Using the embed Tool

Generate embeddings for semantic search:

{
  "model": "openai/text-embedding-3-small",
  "input": "The quick brown fox jumps over the lazy dog"
}

Using the list_models Tool

List all available models from configured providers:

{}

Returns a list of models with metadata (e.g., openai/gpt-4o, anthropic/claude-opus, groq/llama3-70b).

Troubleshooting

MCP Server Not Starting

Error: command not found: liter-llm

Ensure the CLI is installed and in your PATH:

liter-llm --version
which liter-llm

If not found, reinstall:

brew trust xberg-io/tap
brew install xberg-io/tap/liter-llm
# or
cargo install liter-llm-cli

IDE Not Seeing Tools

VS Code / GitHub Copilot:

  1. Restart VS Code completely (close and reopen)
  2. Check the "Extension" → "MCP" debug output for errors
  3. Verify the command path in settings.json is correct

Claude Desktop:

  1. Restart Claude Desktop
  2. Check ~/Library/Logs/Claude/ for error logs
  3. Verify the config file is valid JSON

Cursor:

  1. Use ⌘+K → "MCP Servers" to reload
  2. Check the Cursor settings panel for errors

API Key Not Found

Error: authentication failed: api key not set

Ensure API keys are set as environment variables before starting the MCP server:

export OPENAI_API_KEY="sk-..."
liter-llm mcp --transport stdio --config liter-llm-proxy.toml

Or hardcode them in the IDE config (less secure):

"env": {
  "OPENAI_API_KEY": "sk-..."
}

Never commit API keys

Use environment variables or a .env file (not committed to git).
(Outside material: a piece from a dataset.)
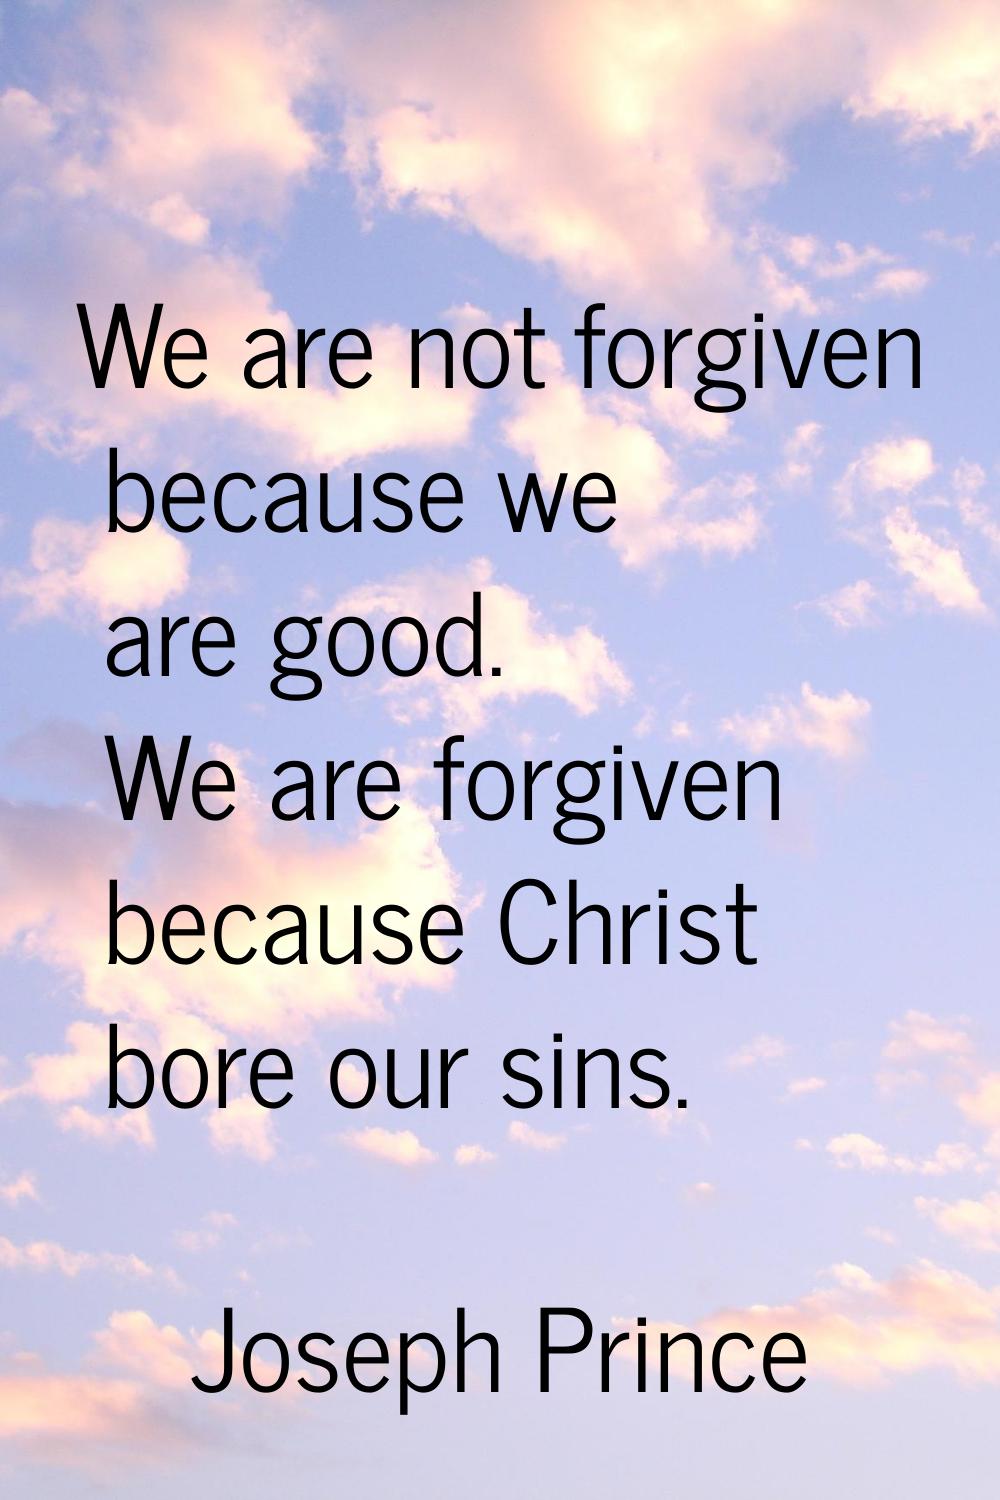 We are not forgiven because we are good. We are forgiven because Christ bore our sins.

See Secrets and API Key Handling for best practices.

Timeout Errors

Error: request timeout after 30s

Increase the timeout in a config file:

[general]
default_timeout_secs = 120

Then start with the config:

liter-llm mcp --transport stdio --config liter-llm-proxy.toml

Port Already in Use (HTTP)

Error: bind failed: address already in use

Use a different port:

liter-llm mcp --transport http --host 127.0.0.1 --port 3002

Or kill the existing process:

lsof -i :3001
kill -9 <PID>

Remote Connection Refused

Error: connection refused: 127.0.0.1:3001

Ensure the MCP server is running and listening on the correct host/port:

# Start the server
liter-llm mcp --transport http --host 0.0.0.0 --port 3001 &

# Test the connection
curl http://127.0.0.1:3001/mcp \
  -H "Content-Type: application/json" \
  -H "Authorization: Bearer $LITER_LLM_MASTER_KEY" \
  -d '{"jsonrpc":"2.0","id":1,"method":"tools/list"}'

Note

Use 0.0.0.0 to allow remote connections. For local development, 127.0.0.1 is safer.